Pakistan is hoping a sell-off of government stakes in state-owned energy companies, banks and troubled airline PIA will bring a much-needed boost to foreign exchange reserves, a top official said Friday.
Prime Minister Nawaz Sharif's privatisation programme cleared an important hurdle this week with the approval of financial advisers for the sale of shares in more than half a dozen state-owned companies.
Pakistan last month received a second payment under a $6.7 billion International Monetary Fund (IMF) loan package, conditions for which included action to privatise state-owned businesses.
Among the offerings will be shares in the Oil and Gas Development Company Limited (OGDCL), Pakistan's top hydrocarbon exploration and development concern.

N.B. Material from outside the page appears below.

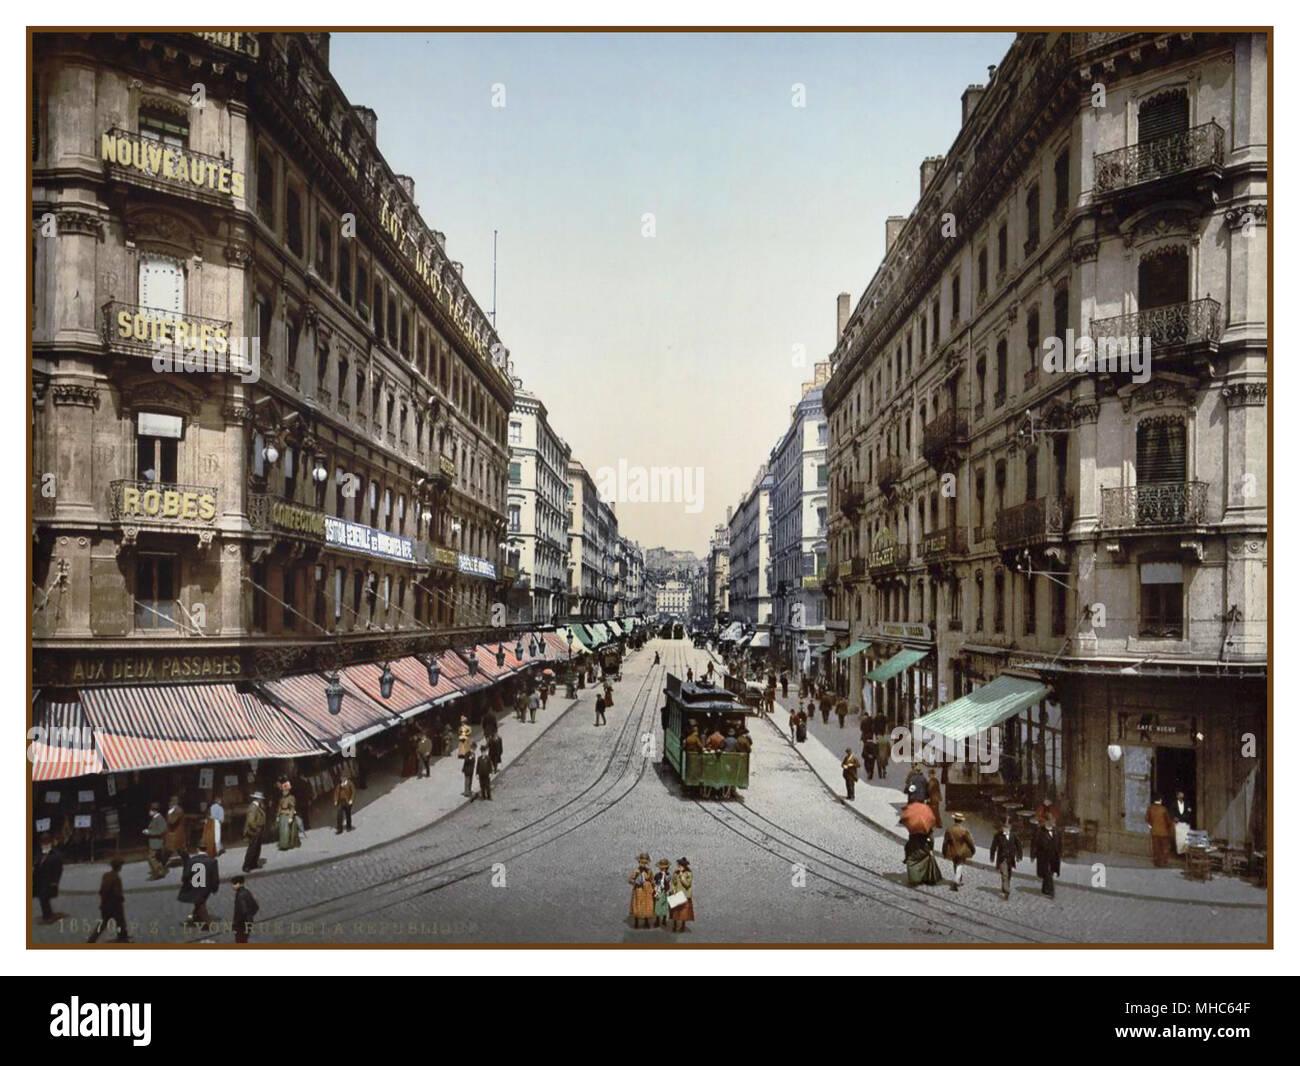 Lione Francia 1890 -1900 Vintage colore storico Francia Photocrom. Colore tecnica di litografia Rue de la Repubblica, Lione, Francia Immagini Stock

OGDCL shares have been traded on the London stock exchange since 2006 and the government now wants to sell off more of its stake in the company.
"We will wait the financial advisers to make the privatisation strategy but I personally want to offload 10 percent... of OGDC at the global capital market," Mohammad Zubair, the chief of the Privatisation Commission, told AFP.
The state holds about 75 percent shares in the OGDCL, after already offloading a 25 percent stake.
Arif Habib Securities, a Karachi-based brokerage and financial research company, estimates the OGDCL sell-off will raise about $1 billion.
Pakistan's forex reserves have dwindled in the past year, sinking to just $3.2 billion, barely enough to cover the country's foreign payments for a month.
Opposition parties have condemned the privatisation plans, accusing Sharif of cronyism and selling off valuable national assets at cut price.